Ramli merentangkan tangannya. Zahra mempercepat jalannya dan langsung memeluk ramli.
"Zahra kangen, yah"
Zahra melepaskan pelukan dan duduk disamping Ramli.
"Ayah juga kangen. Bagaimana keadaanmu nak?" tanya Ramli sambil mengusap kepala Zahra.
"Baik yah baik" jawab Zahra senang.
"Cucu ayah?"
"Mereka sehat yah"
"Alhamdulillah"
Sofian duduk di samping Zahra.
"Mami dan ayah sudah datang saja"
"Mami pingin tau aja"
"Sekarang cepet ceritain mami sudah tidak sabar"
"Begini mi yah. Zahra dan Sofian sebenarnya teman dari SD. Namun pas Sofian naik kelas 6 dan Zahra naik kelas 5. Zahra dan ayah pindah. Sofian dan Zahra pernah buat janji untuk menikah dan hidup selamanya"
Ramli mangut mangut mengiyakan karena ia sudah tau. Sebelum pernikahan Sofian meminta restu dulu dan sudah menceritakan siapa dirinya.
"Ingat engga mi saya kenaikan kelas 9 sofian bilang jalan-jalan ke kalimantan?"

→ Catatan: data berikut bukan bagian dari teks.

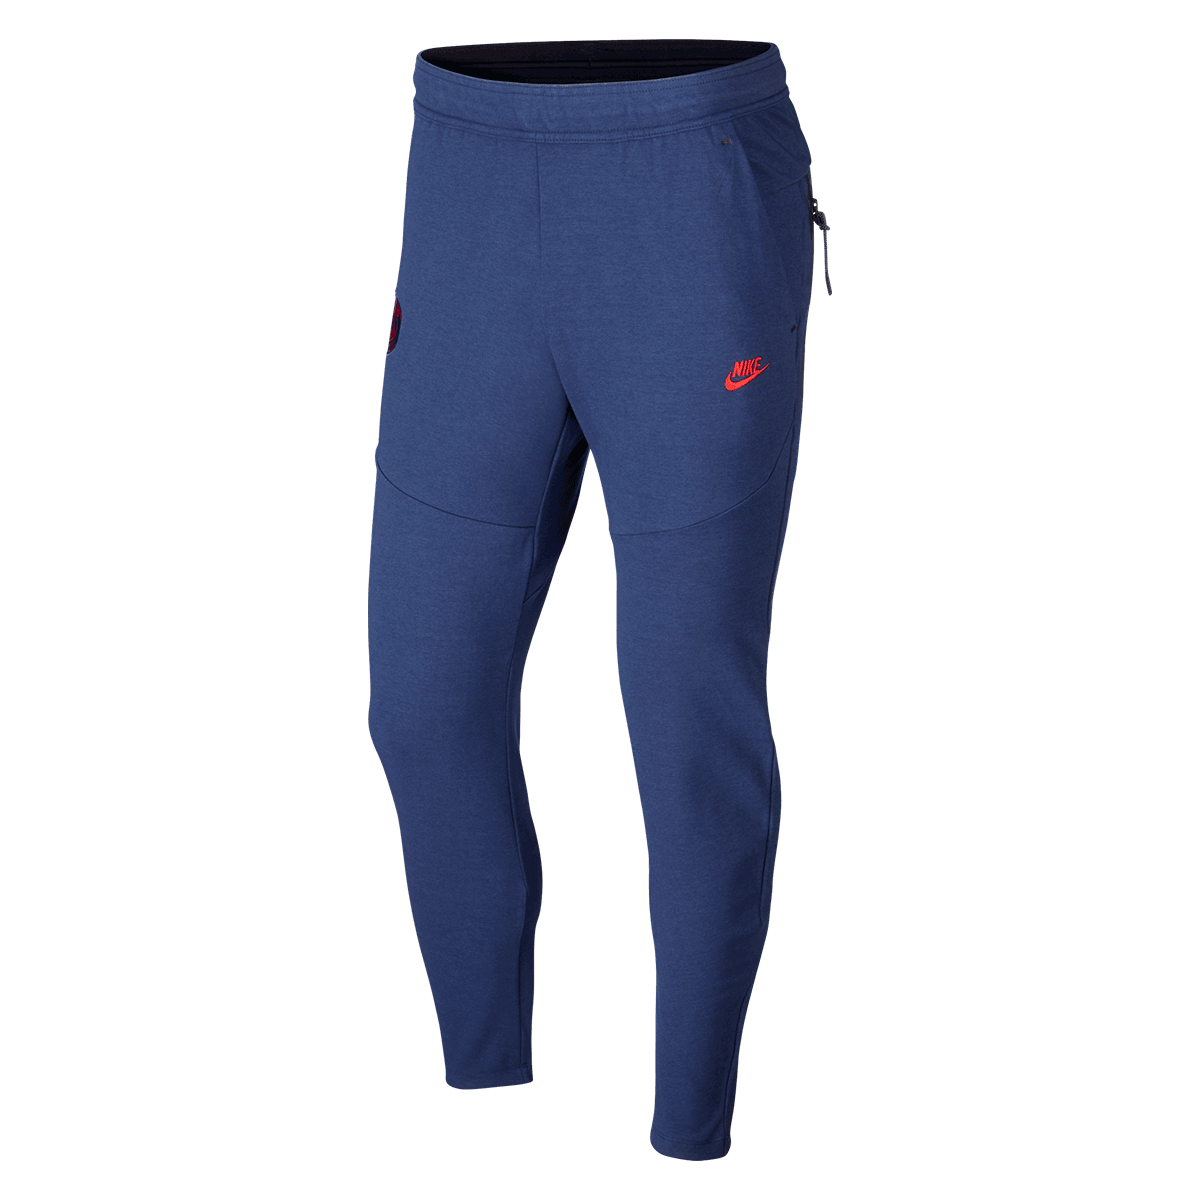 Nike Paris St. Germain Jogginghose Tech Pack Track CL Pant dunkelblaurot

" Iya mami ingat untuk merayakan sebelum badai kan?"
"Itu bukan untuk merayakan sebelum ujian, tapi untuk mencari Zahra. Sofian mau SMA bareng Zahra. Namun nihil Zahra sudah pindah. "
"Zahra kenaikan kelas 8 itu kita pindah karena kamun diganguin Alex terus dan ayah dapet kerjaan di bogor. Kenapa ya Zat nak Alex bisa seopsesi itu sama kamu?" tanya Ramli
"Kurang tau sih yah. Dulu Alex dan Zahra tidak sedekat itu. Dulu Alex tidak ada teman selalu sendirian. Karena dia itu sering marah-marah emang sifatnya agak gila sih. Kalau tidak salah saat dia kena hukuman karena ribut dengan kakak kelas dia di hukum lari. Karena dia keliatan lelah dan sepertinya haus Zahra kasih minum Zahra. Eh malah dari situ dia selalu ngejar Zahra dan seenak jidatnya gakuin Zahra pacarnya, kasih kado dih engga jelas banget deh, yah"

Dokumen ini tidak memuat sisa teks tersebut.